• _Information supplied_
=== Begin Enclosure ===
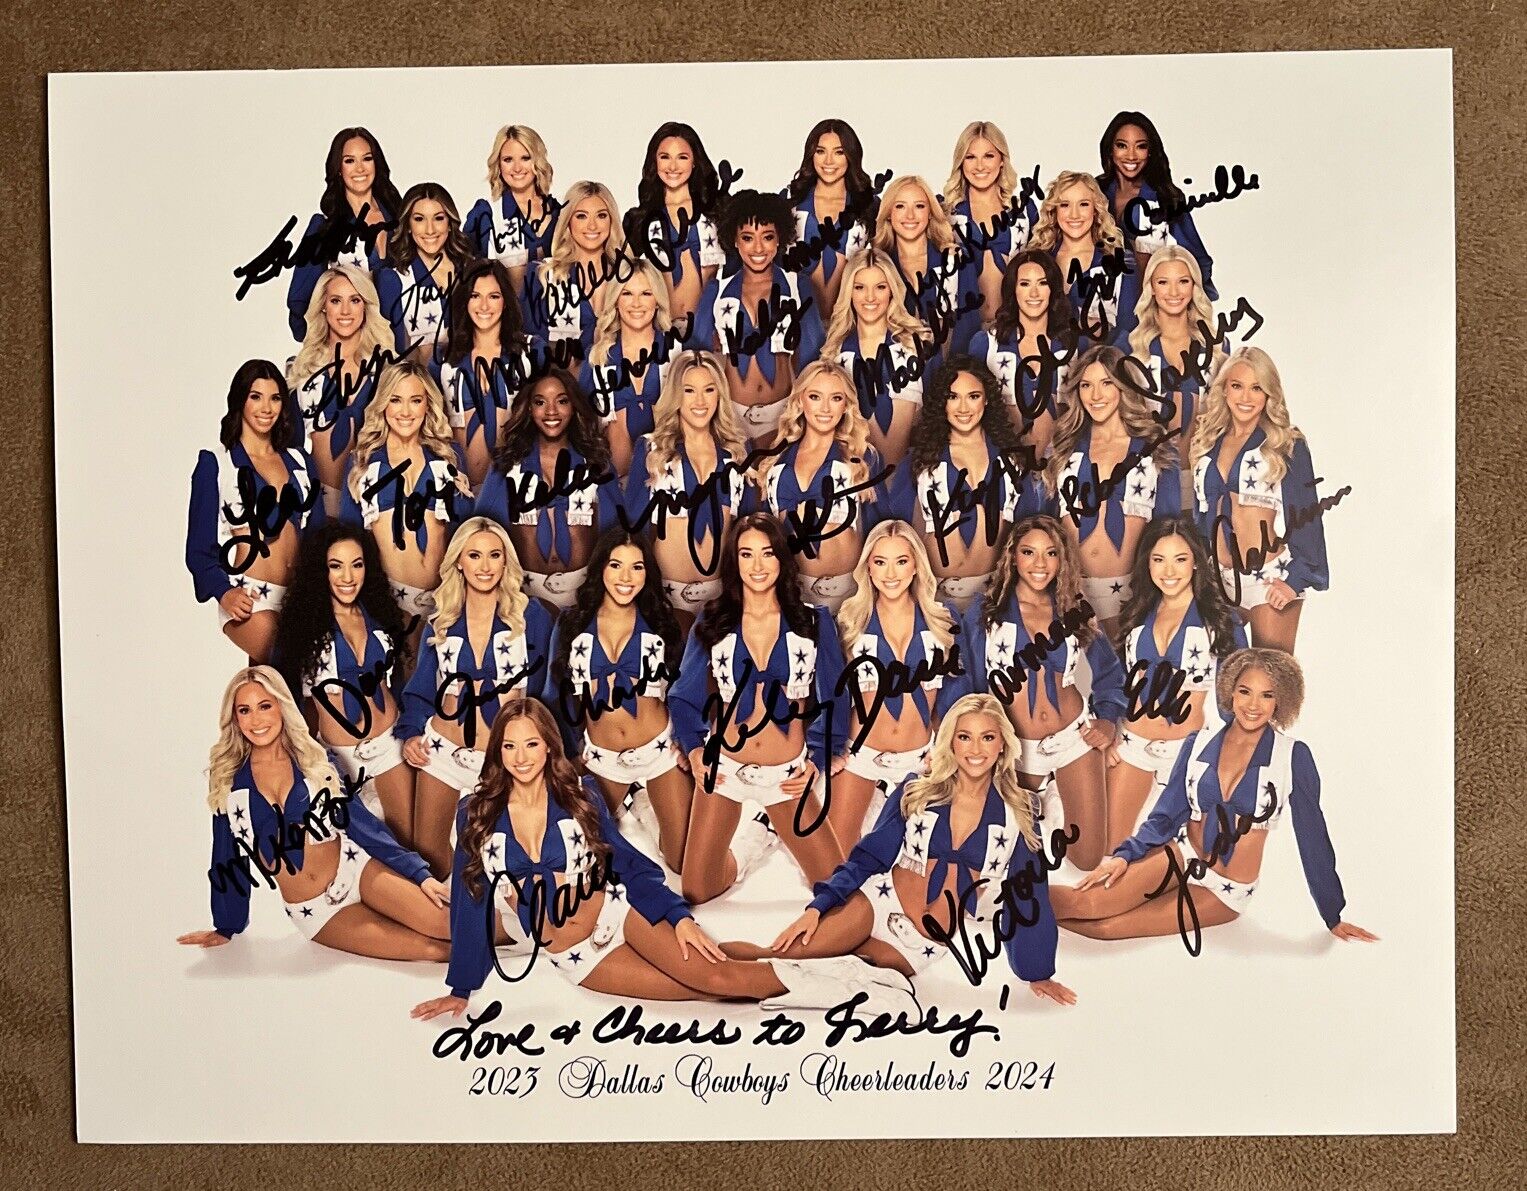 DALLAS COWBOYS CHEERLEADERS AMERICA’S SWEETHEARTS 8.5x11 SIGNED PHOTO TO JERRY
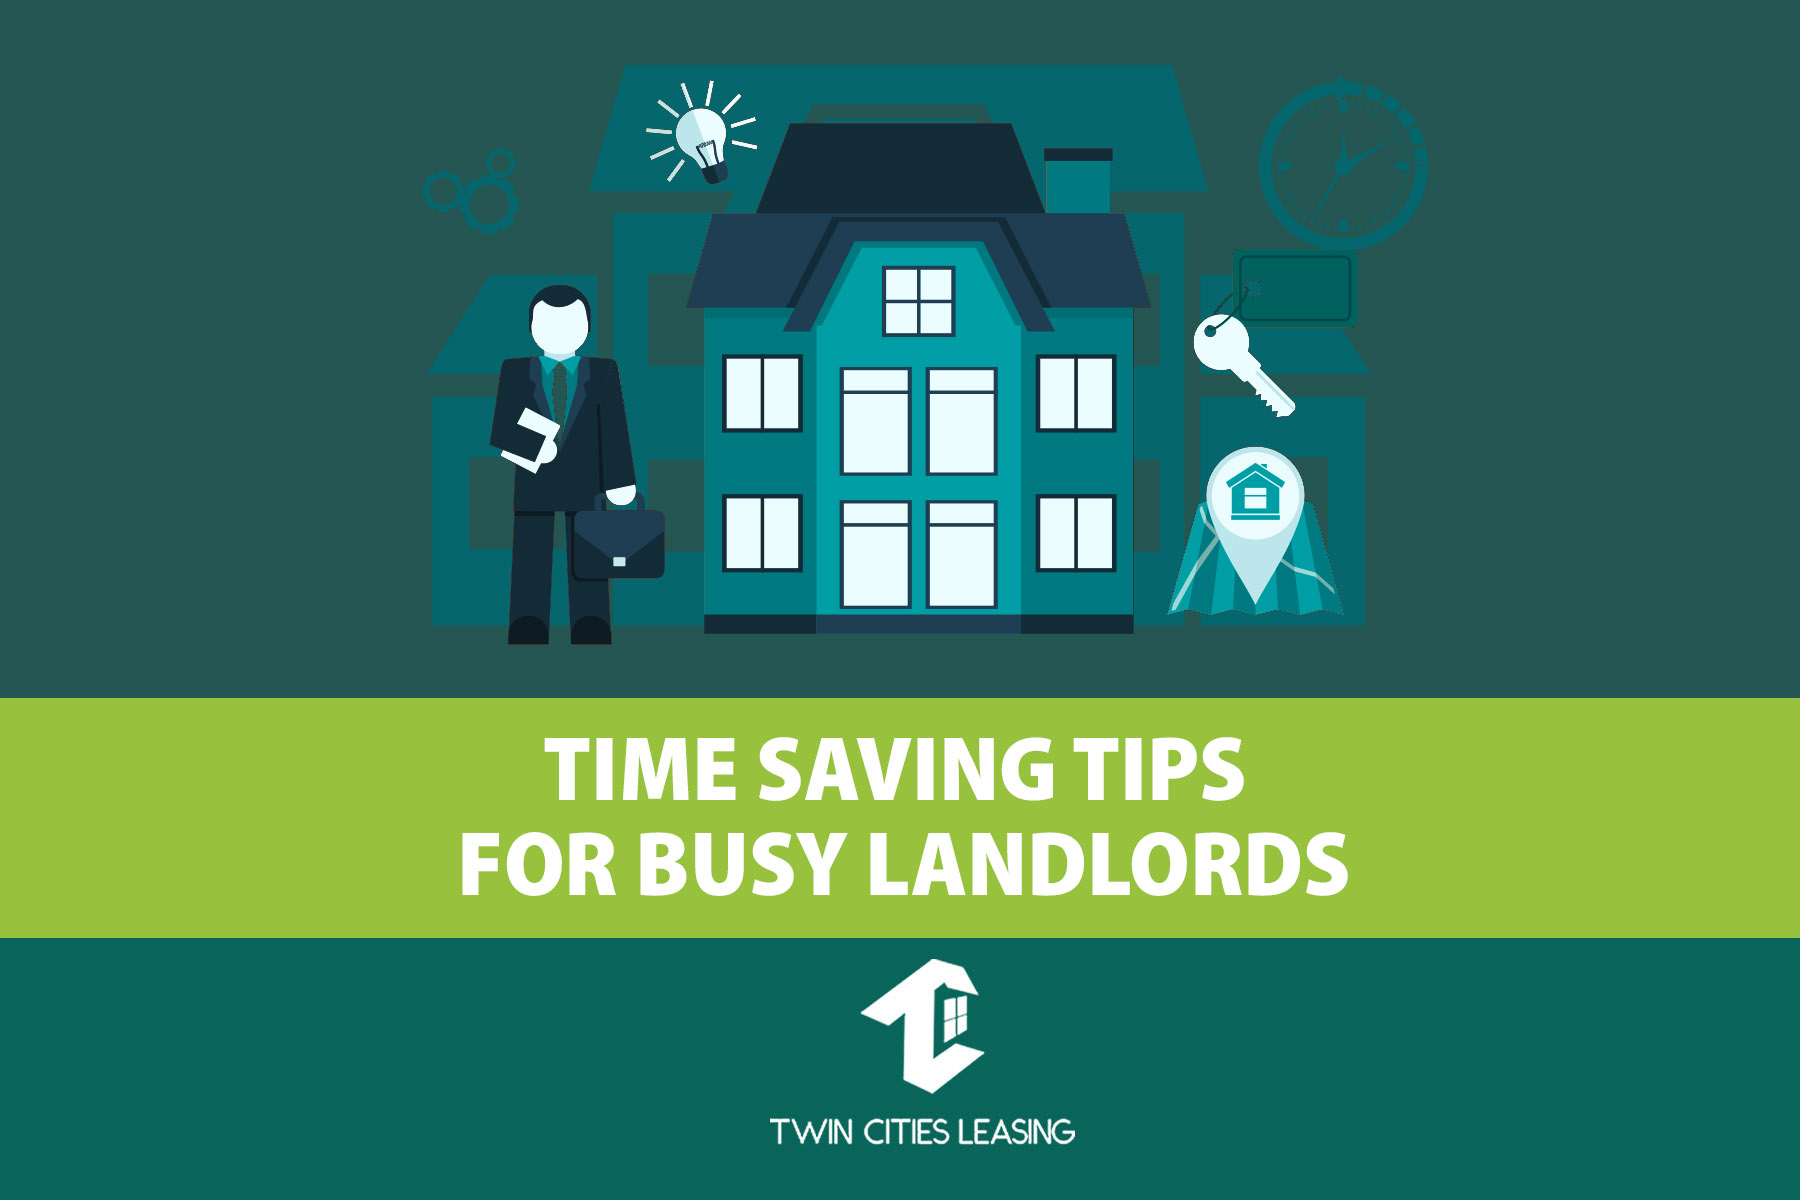 Time Saving Tips for Busy Landlords in the Twin Cities
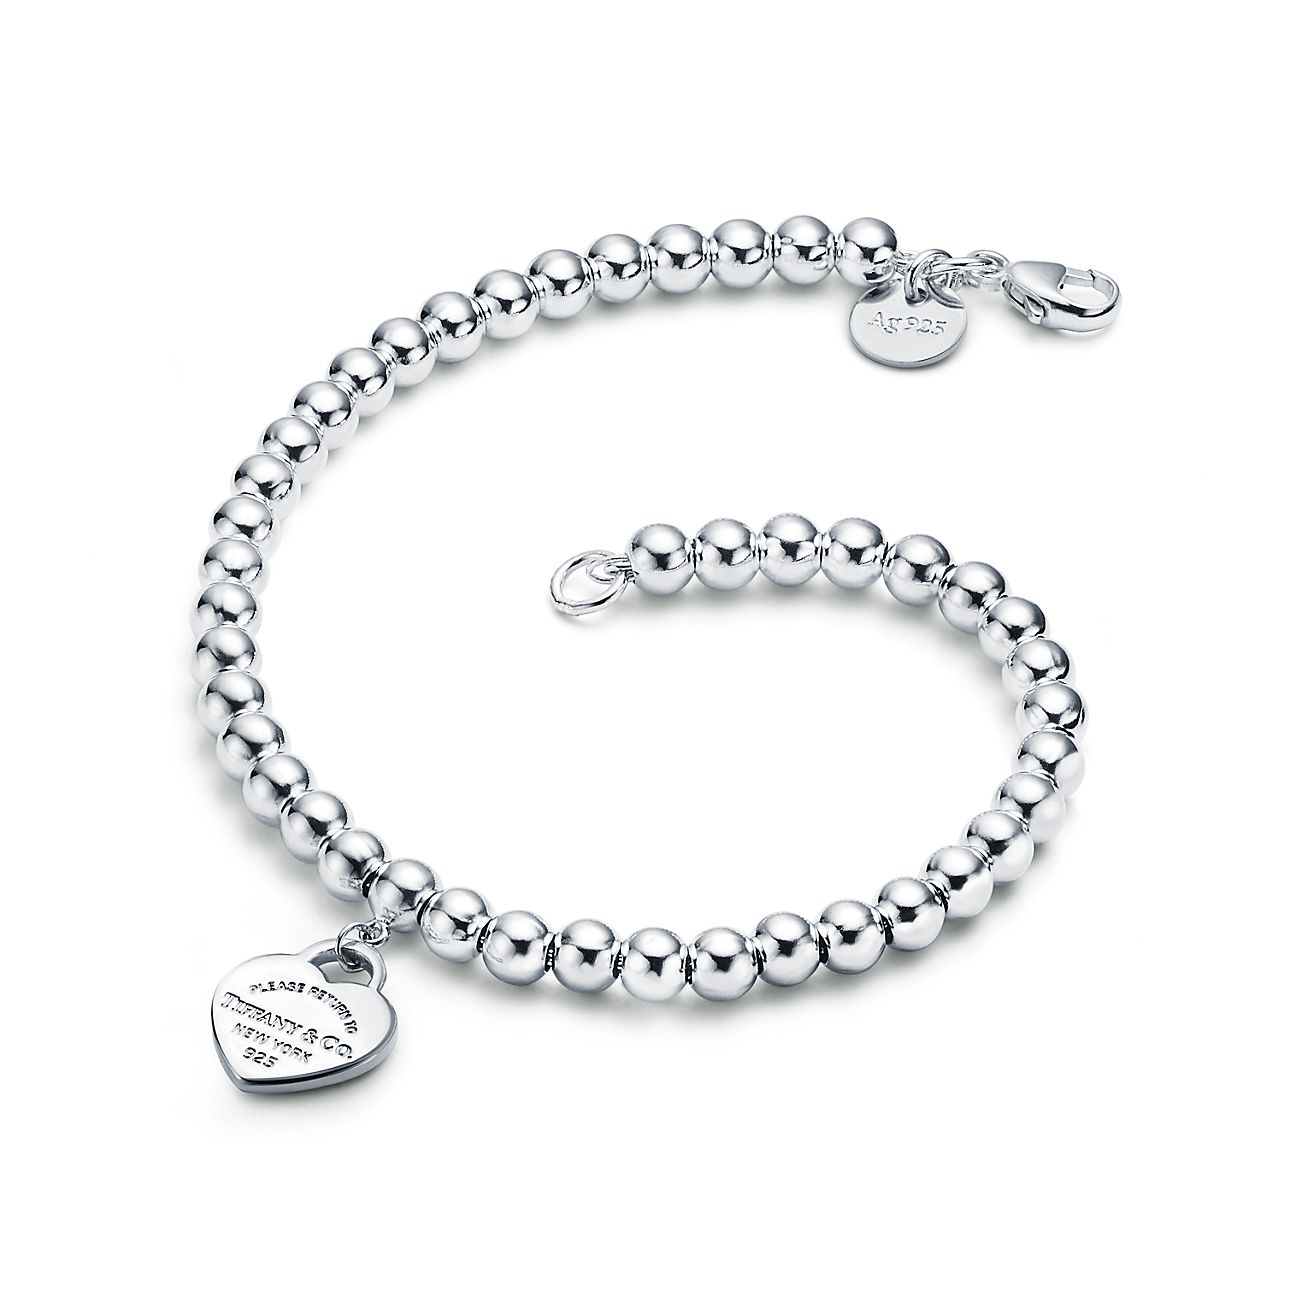 Return to Tiffany™ Heart Tag Bead Bracelet in Silver and Rose Gold, 4 mm |  Tiffany & Co.
=== End Enclosure ===
• _Action item_
Copy out the material above in full and exactly, but with no pictures.

• _Written solution_
 DALLAS COWBOYS CHEERLEADERS AMERICA’S SWEETHEARTS 8.5x11 SIGNED PHOTO TO JERRY
 Time Saving Tips for Busy Landlords in the Twin Cities
 Return to Tiffany™ Heart Tag Bead Bracelet in Silver and Rose Gold, 4 mm |  Tiffany & Co.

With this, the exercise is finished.